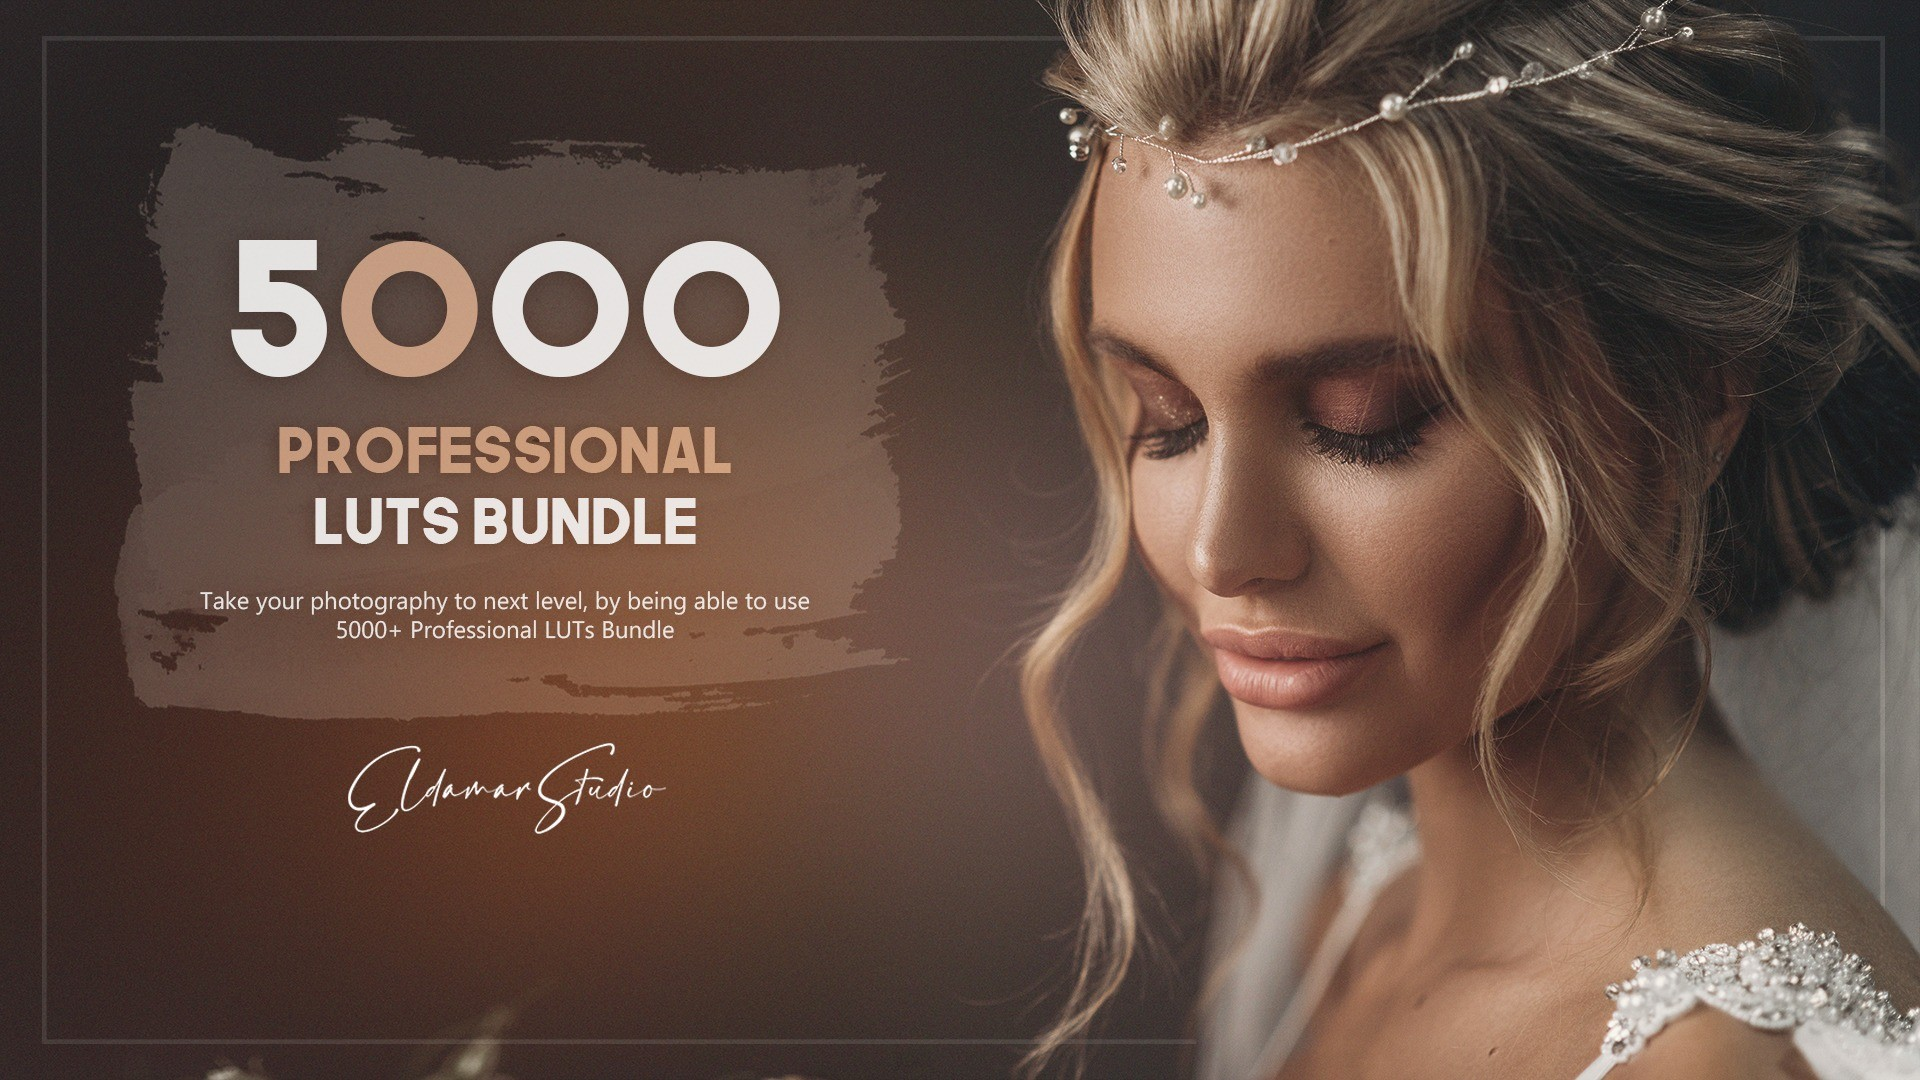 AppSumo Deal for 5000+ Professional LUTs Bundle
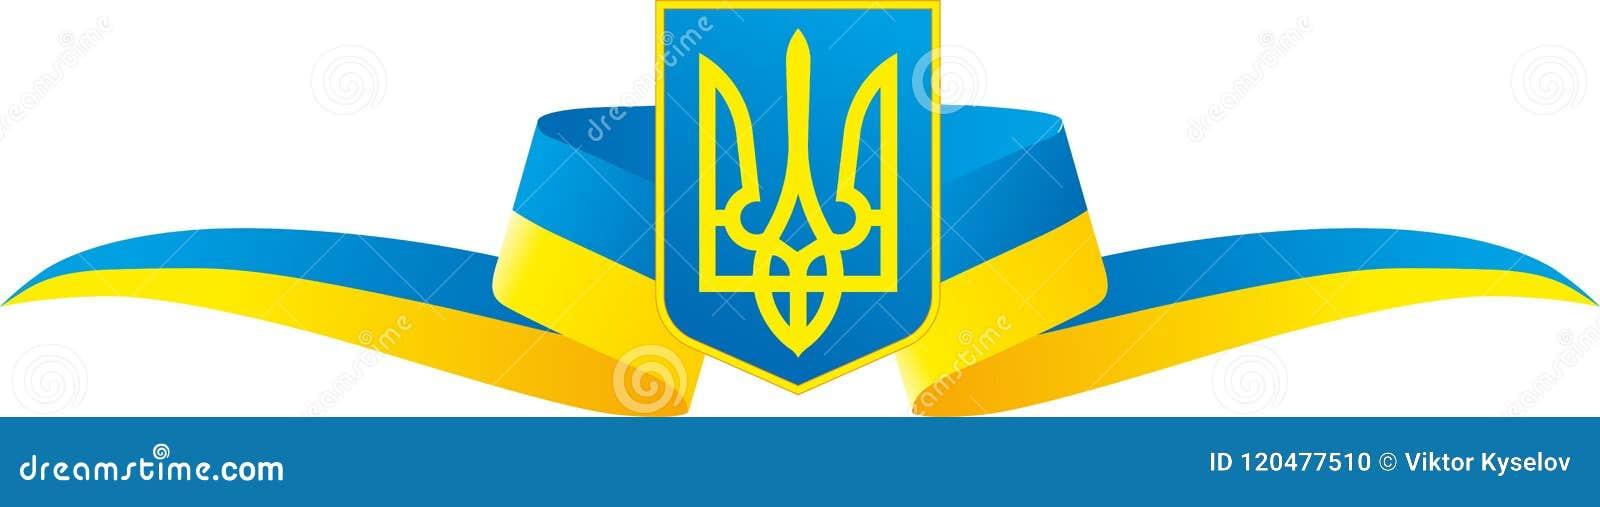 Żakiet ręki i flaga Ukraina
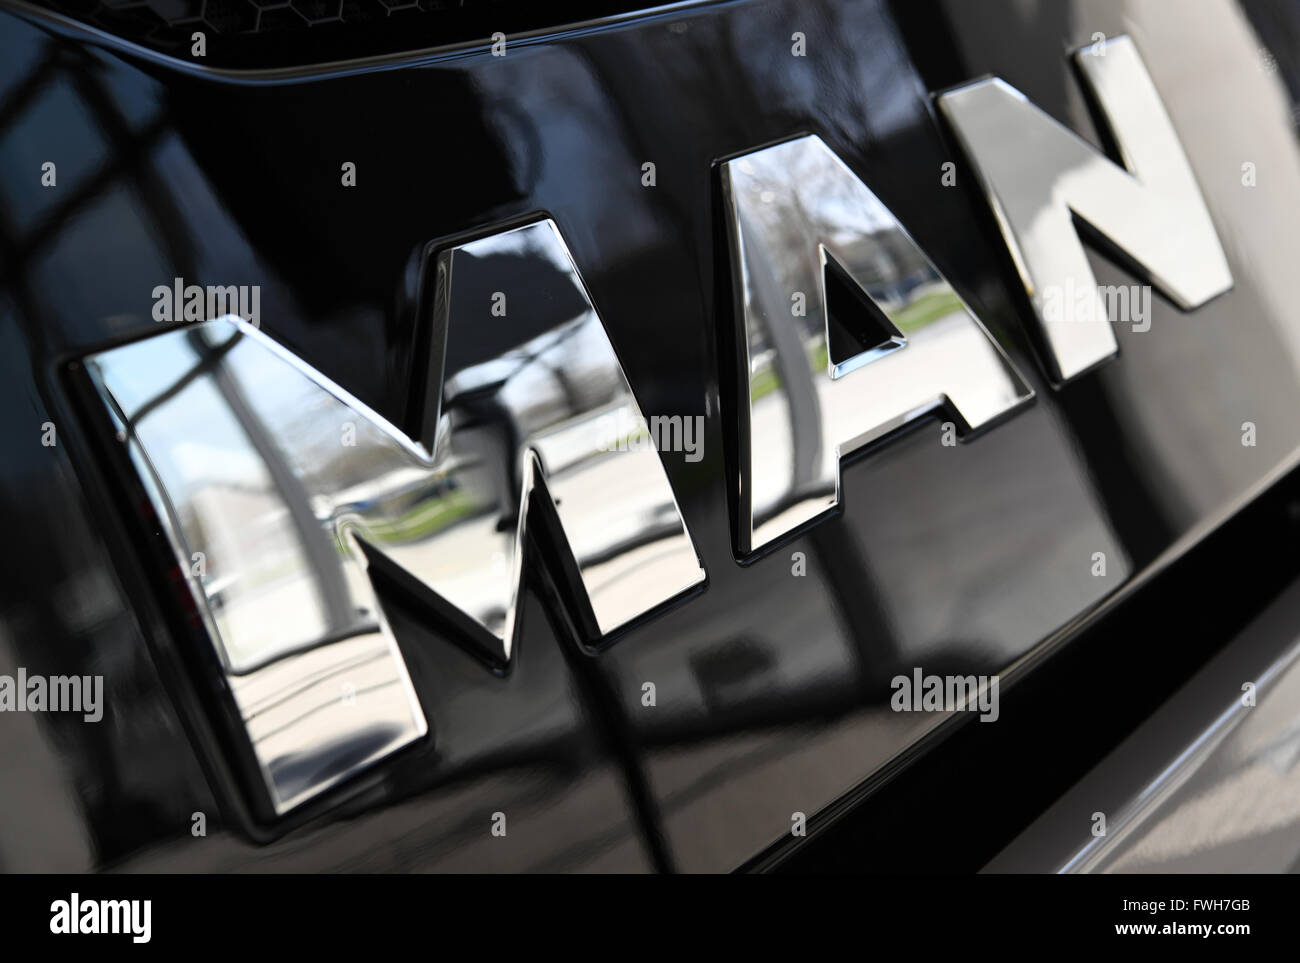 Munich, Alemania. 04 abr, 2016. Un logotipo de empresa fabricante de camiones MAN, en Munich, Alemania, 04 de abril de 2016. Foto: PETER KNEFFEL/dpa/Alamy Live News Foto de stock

^^^^^^^^

→ Exercise details
Starting with the line that contains "Żakiet ręki i flaga Ukraina", print every line through the end of the data exactly as written; omit all pictures and add nothing else.

→ Answer section
 Żakiet ręki i flaga Ukraina
 Munich, Alemania. 04 abr, 2016. Un logotipo de empresa fabricante de camiones MAN, en Munich, Alemania, 04 de abril de 2016. Foto: PETER KNEFFEL/dpa/Alamy Live News Foto de stock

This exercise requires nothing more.